§ Data records:
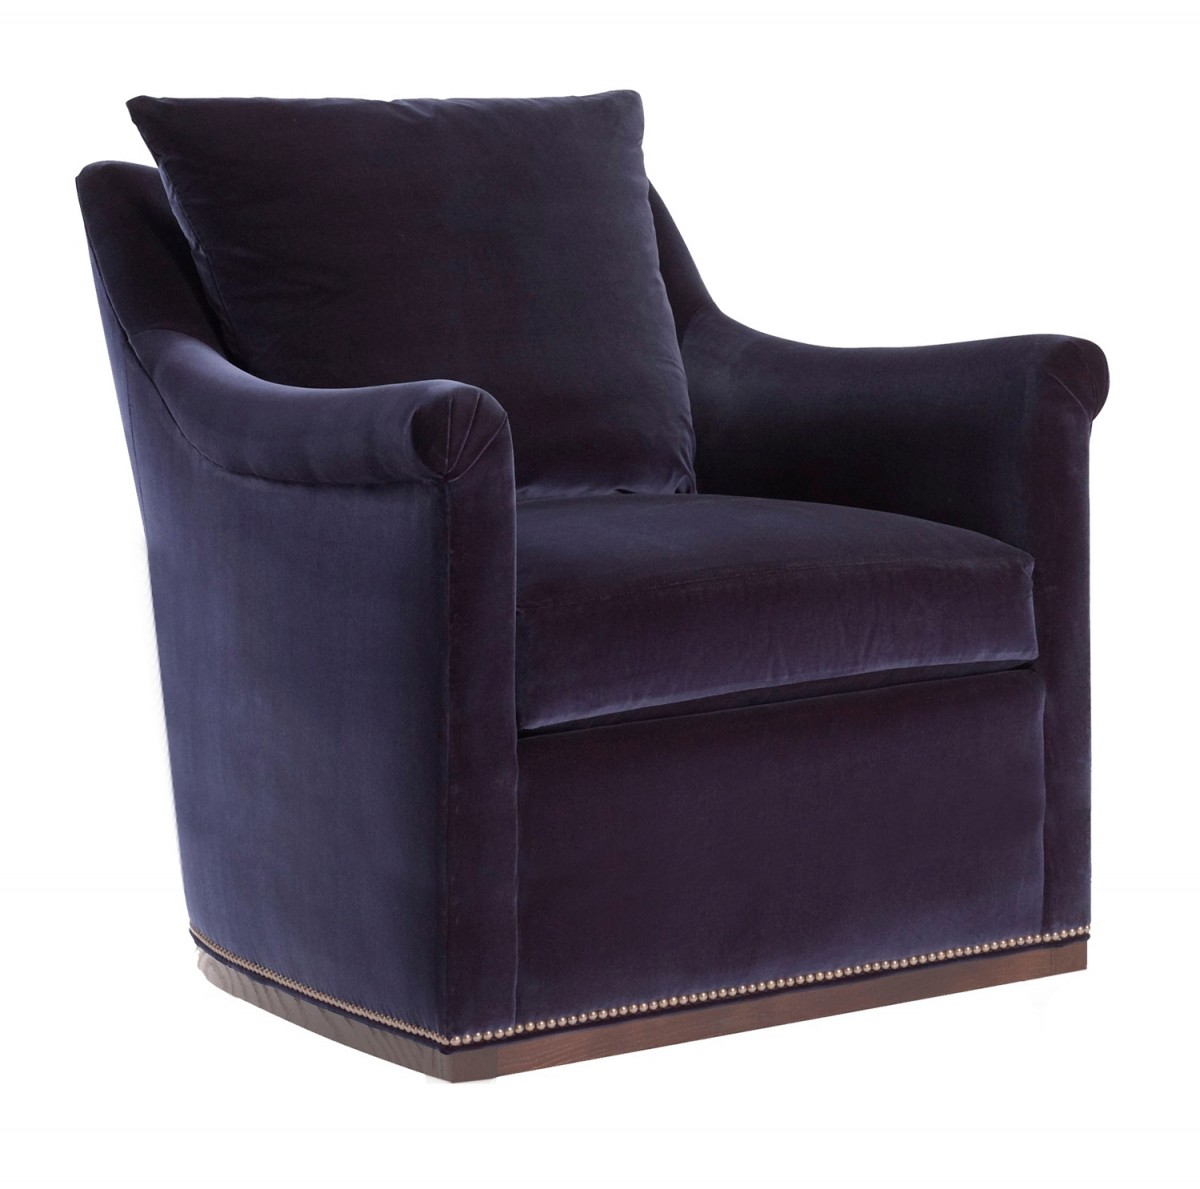 Jules Low Profile Swivel Chair | Highlight image
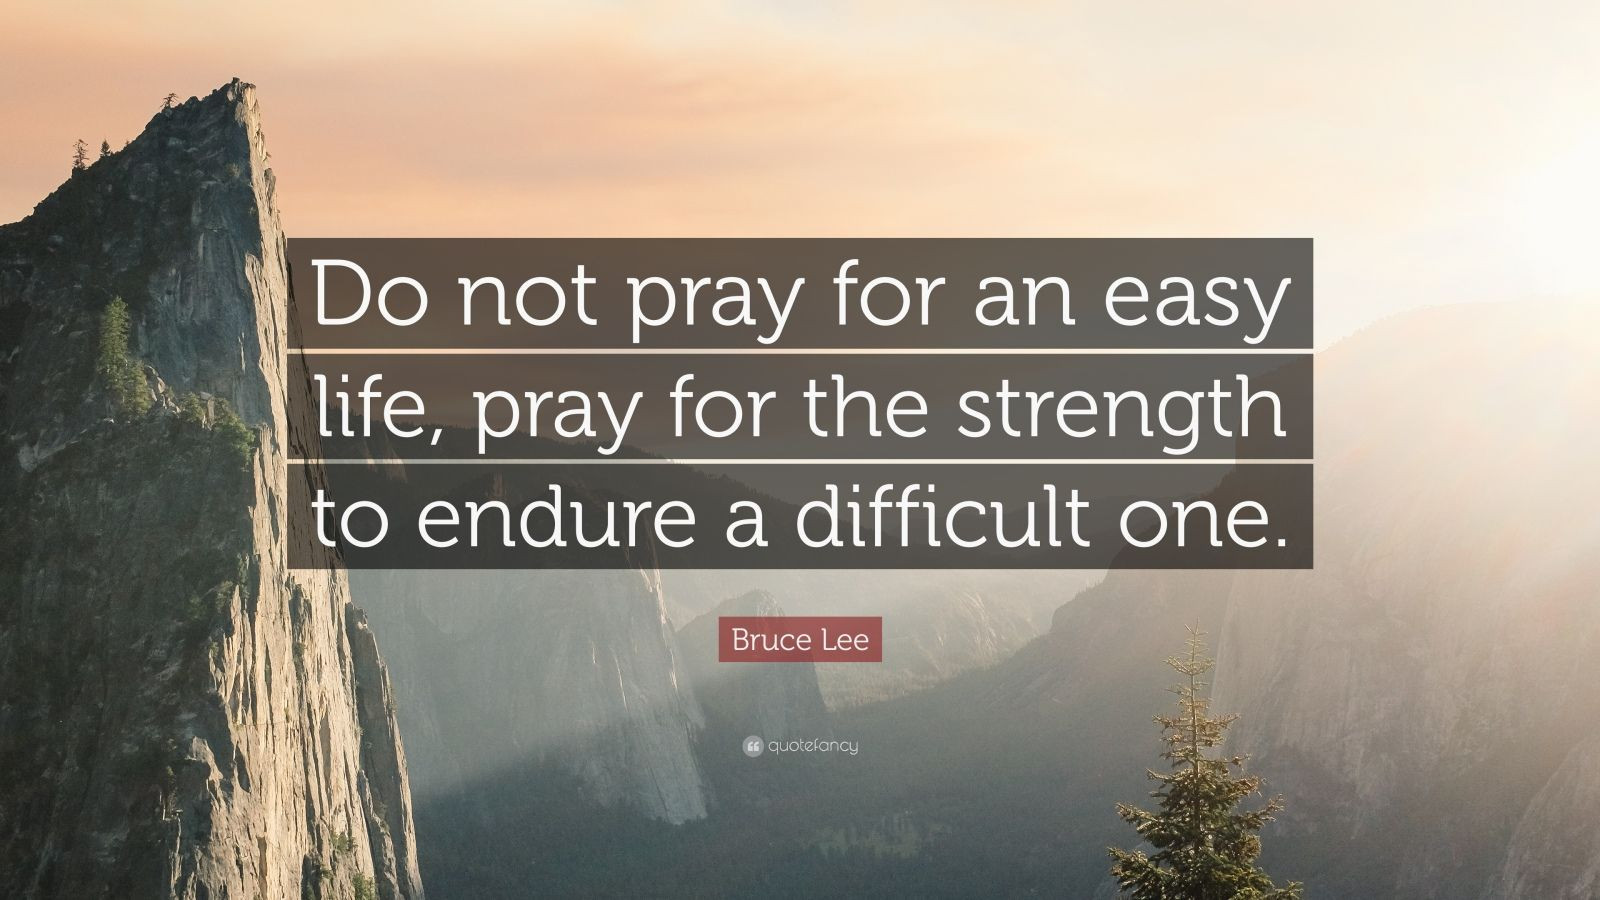 Easy Life Quotes
 Bruce Lee Quote “Do not pray for an easy life pray for
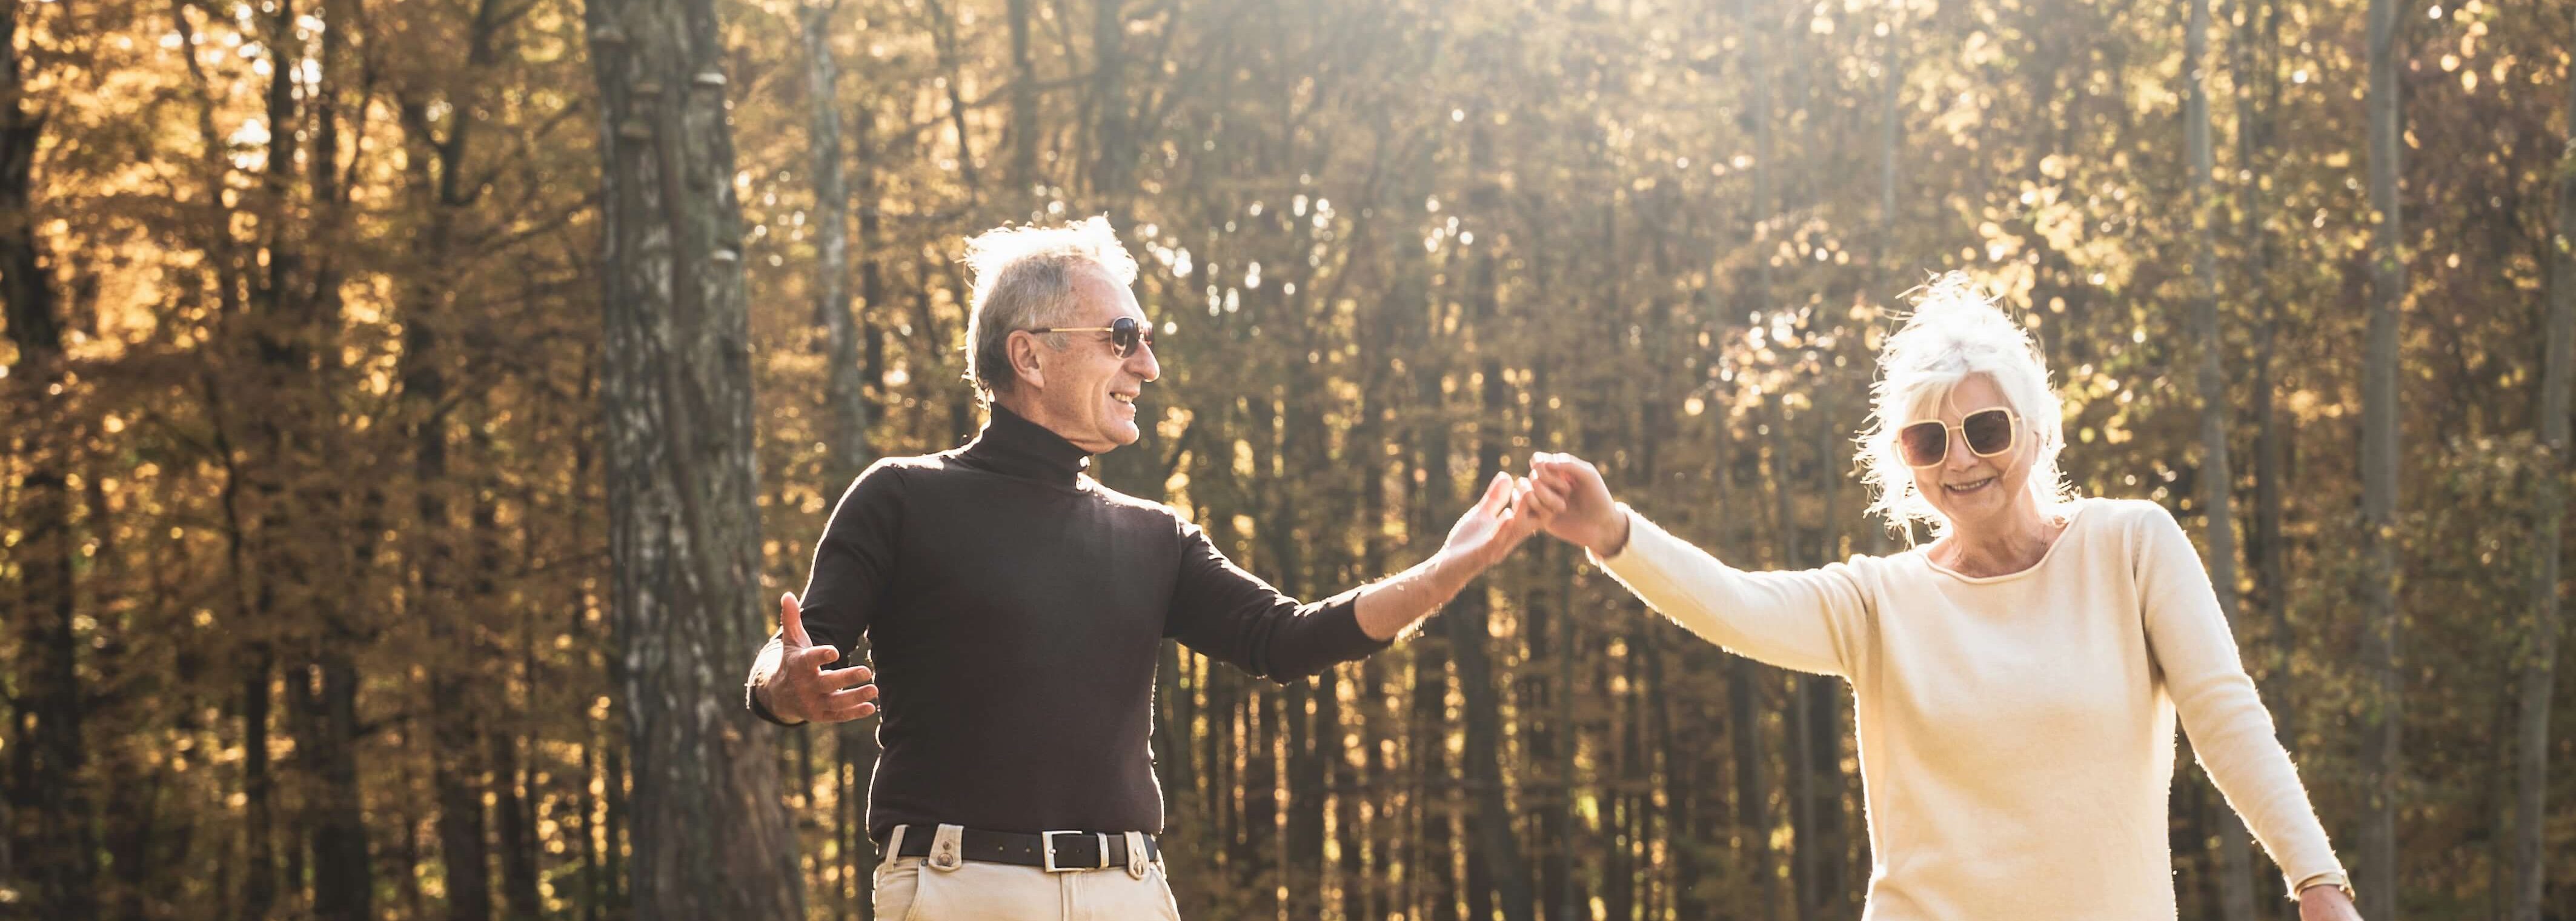 Romance and Intimacy: Are “Older” People Really all that Different?
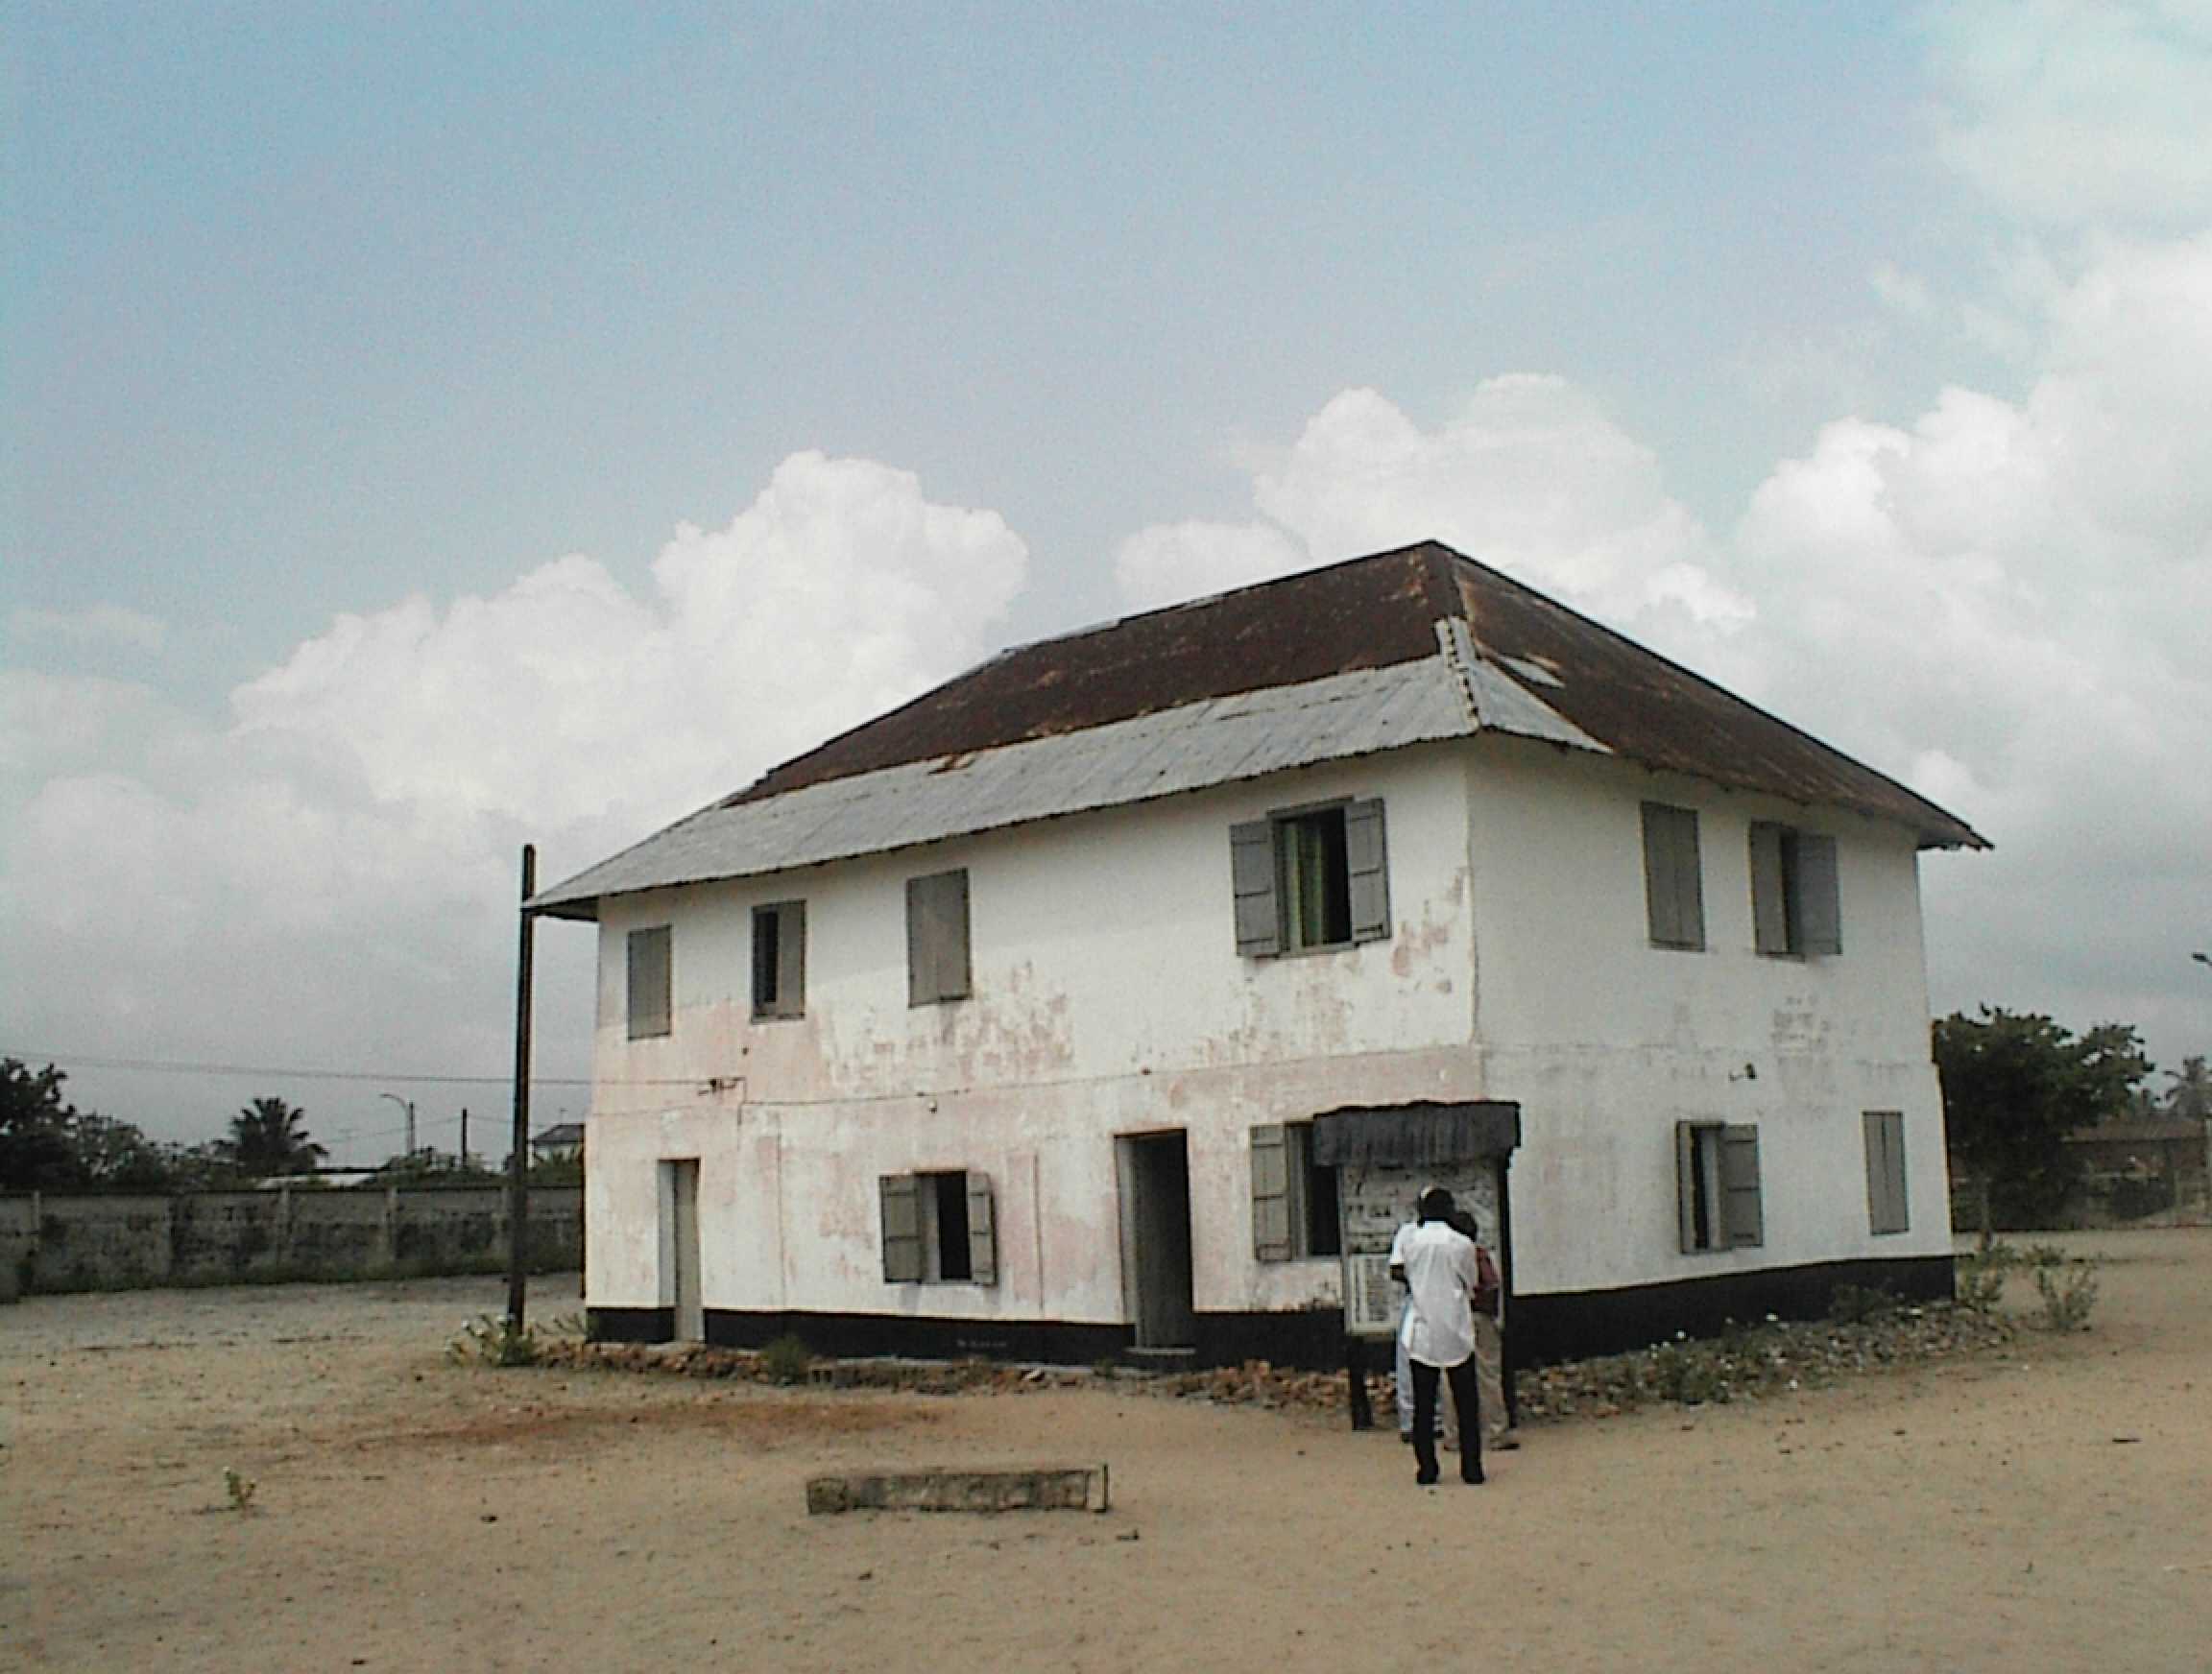 The first multi-storied building in Nigeria, and the first Anglican mission house

§ WHAT IS BEING ASKED: What is needed here is an exact transcription of every record above, with images excluded.

§ RESPONSE AREA:
 Jules Low Profile Swivel Chair | Highlight image
 Easy Life Quotes
 Bruce Lee Quote “Do not pray for an easy life pray for
 Romance and Intimacy: Are “Older” People Really all that Different?
 The first multi-storied building in Nigeria, and the first Anglican mission house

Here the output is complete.